Members of the SRC-family of kinases as well as the non-kinase protein FECH (see 3.5), showed binding at higher doses for the 45 min time point but were not competed after 20 h. Therefore, targets with no cysteine in the active center (MAP4K5 and MAP3K1) or at a distinct position from the EGFR/BTK cysteine group (e.g. WEE1, GAK) showed no difference in EC50 or decreased binding affinities over time²³⁸. The shift towards less potent EC50s for reversible targets at longer time points might be an artefact of the experiment itself. One potential explanation is given by potential side reactions of the irreversible inhibitor with DTT, diminishing the effective concentration of free inhibitor present in the lysate. Experiments with lower DTT concentrations, however, did not show severe differences (data not shown). Moreover, with longer incubation times, more drug will be bound irreversibly by the main target. Unspecific binding to cysteines in other proteins might also occur. This might affect the pool of free inhibitor as well.
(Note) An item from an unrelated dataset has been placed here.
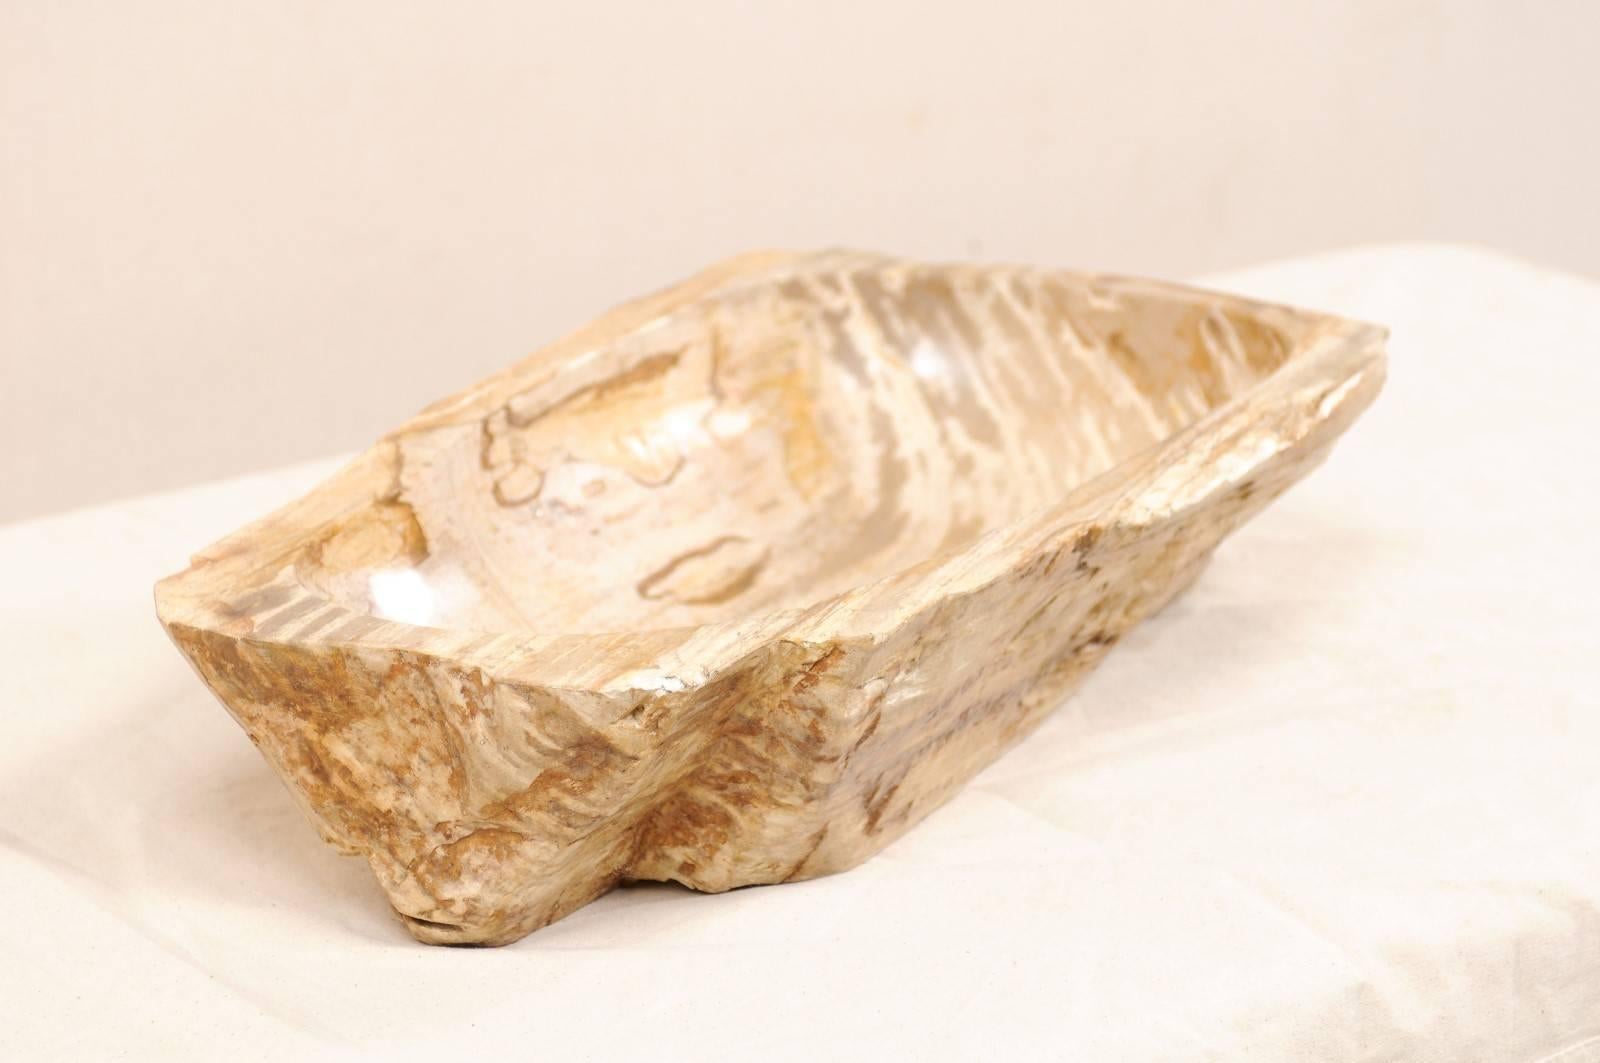 A petrified wood sink. This petrified wood sink has an oblong shape, with flatter back and right sides. The colors are primarily in beige and cream tones, with richer brown and taupe tones. While the interior of the bowl has been polished, the

In conclusion, selective EGFR inhibitors can be designed that inhibit only their designated target or show increased potency because of longer residence time in the irreversible binding mode.

Irreversible inhibitors can be profiled with Kinobeads, but the kinetic aspect of their mode of action and therefore, influence on the target profile, has to be considered.